Manufacturing processes are more prominent in this model. Also, one predictor dominates: MP32.
## var rel.inf
## ManufacturingProcess32 ManufacturingProcess32 28.390778
## ManufacturingProcess31 ManufacturingProcess31 8.636307
## BiologicalMaterial12 BiologicalMaterial12 8.218515
## BiologicalMaterial04 BiologicalMaterial04 6.242313
## ManufacturingProcess09 ManufacturingProcess09 5.636546
## ManufacturingProcess13 ManufacturingProcess13 5.347599
## ManufacturingProcess06 ManufacturingProcess06 5.211052
## ManufacturingProcess17 ManufacturingProcess17 3.099549
## ManufacturingProcess37 ManufacturingProcess37 2.766831
## BiologicalMaterial06 BiologicalMaterial06 2.419689
(c) Plot the optimal single tree with the distribution of yield in the terminal nodes. Does this view of the data provide additional knowledge about the biological or process predictors and their relationship with yield?

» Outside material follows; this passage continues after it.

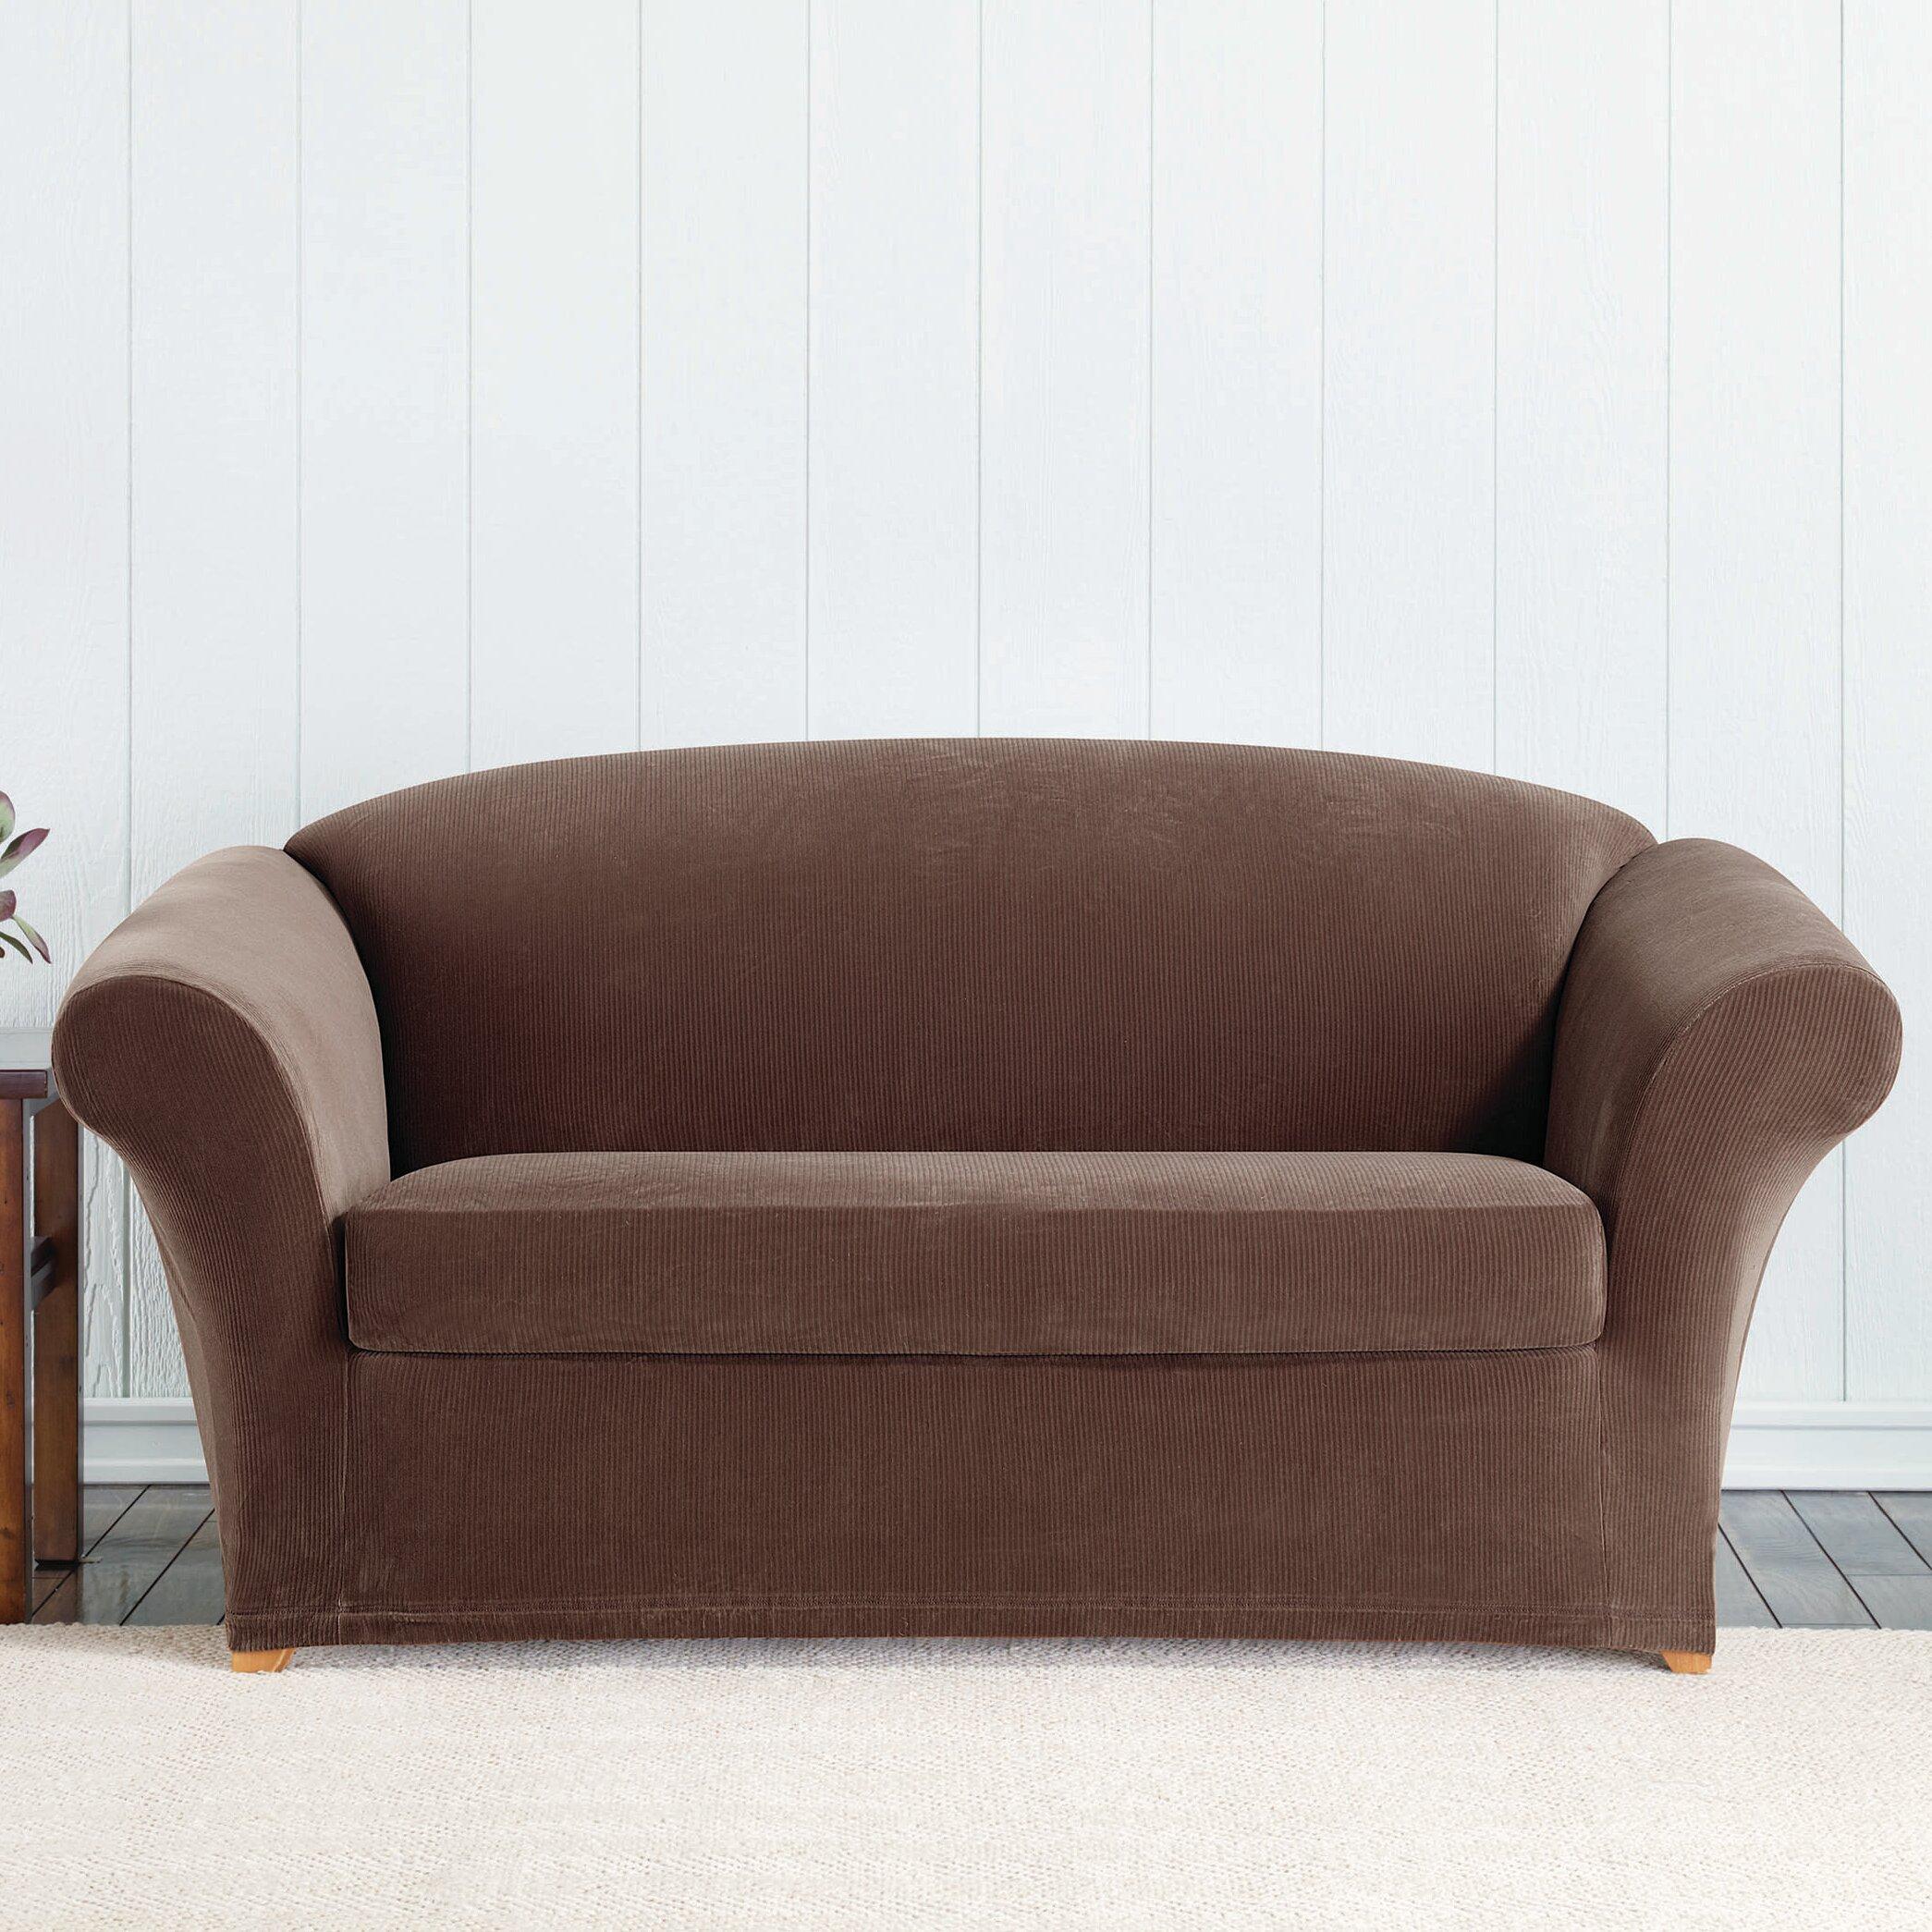 Strange Sure Fit Stretch Corduroy Box Cushion Loveseat Slipcover Creativecarmelina Interior Chair Design Creativecarmelinacom

The tree confirms the importance of MP32 in determining yield. MP32 wasn’t even in the top 10 in the non-tree models. In addition, while manufacturing predictors dominate at each level, biological predictors are also present. There is really only one route from root node to end which follows manufacturing indicators exclusively.